WHAT YOU ARE ASKED TO DO: Return only the lines of the listing below that run from the line with "green leaf and" through the line with "and Roses</em> by", both ends included, exactly as written.

┌─ INPUT MATERIAL

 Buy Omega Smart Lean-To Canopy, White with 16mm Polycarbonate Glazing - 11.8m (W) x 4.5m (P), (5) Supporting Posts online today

└─
┌─ INPUT MATERIAL

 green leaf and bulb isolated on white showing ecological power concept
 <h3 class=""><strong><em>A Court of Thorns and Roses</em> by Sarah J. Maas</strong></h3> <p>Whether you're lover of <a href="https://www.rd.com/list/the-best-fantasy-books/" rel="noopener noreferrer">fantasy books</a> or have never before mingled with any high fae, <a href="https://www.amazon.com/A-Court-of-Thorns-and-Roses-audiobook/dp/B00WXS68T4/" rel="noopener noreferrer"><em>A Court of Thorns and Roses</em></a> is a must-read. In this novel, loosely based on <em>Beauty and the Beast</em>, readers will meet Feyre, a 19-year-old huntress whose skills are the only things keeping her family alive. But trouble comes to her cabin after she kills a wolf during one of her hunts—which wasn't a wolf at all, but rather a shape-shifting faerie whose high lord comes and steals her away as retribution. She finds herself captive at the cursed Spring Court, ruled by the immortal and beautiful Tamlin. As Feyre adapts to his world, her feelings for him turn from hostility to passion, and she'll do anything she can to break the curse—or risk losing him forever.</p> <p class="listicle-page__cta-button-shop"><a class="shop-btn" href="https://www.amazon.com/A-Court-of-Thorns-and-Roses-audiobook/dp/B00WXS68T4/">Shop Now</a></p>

└─

RESPONSE TO THIS TASK:
 green leaf and bulb isolated on white showing ecological power concept
 <h3 class=""><strong><em>A Court of Thorns and Roses</em> by Sarah J. Maas</strong></h3> <p>Whether you're lover of <a href="https://www.rd.com/list/the-best-fantasy-books/" rel="noopener noreferrer">fantasy books</a> or have never before mingled with any high fae, <a href="https://www.amazon.com/A-Court-of-Thorns-and-Roses-audiobook/dp/B00WXS68T4/" rel="noopener noreferrer"><em>A Court of Thorns and Roses</em></a> is a must-read. In this novel, loosely based on <em>Beauty and the Beast</em>, readers will meet Feyre, a 19-year-old huntress whose skills are the only things keeping her family alive. But trouble comes to her cabin after she kills a wolf during one of her hunts—which wasn't a wolf at all, but rather a shape-shifting faerie whose high lord comes and steals her away as retribution. She finds herself captive at the cursed Spring Court, ruled by the immortal and beautiful Tamlin. As Feyre adapts to his world, her feelings for him turn from hostility to passion, and she'll do anything she can to break the curse—or risk losing him forever.</p> <p class="listicle-page__cta-button-shop"><a class="shop-btn" href="https://www.amazon.com/A-Court-of-Thorns-and-Roses-audiobook/dp/B00WXS68T4/">Shop Now</a></p>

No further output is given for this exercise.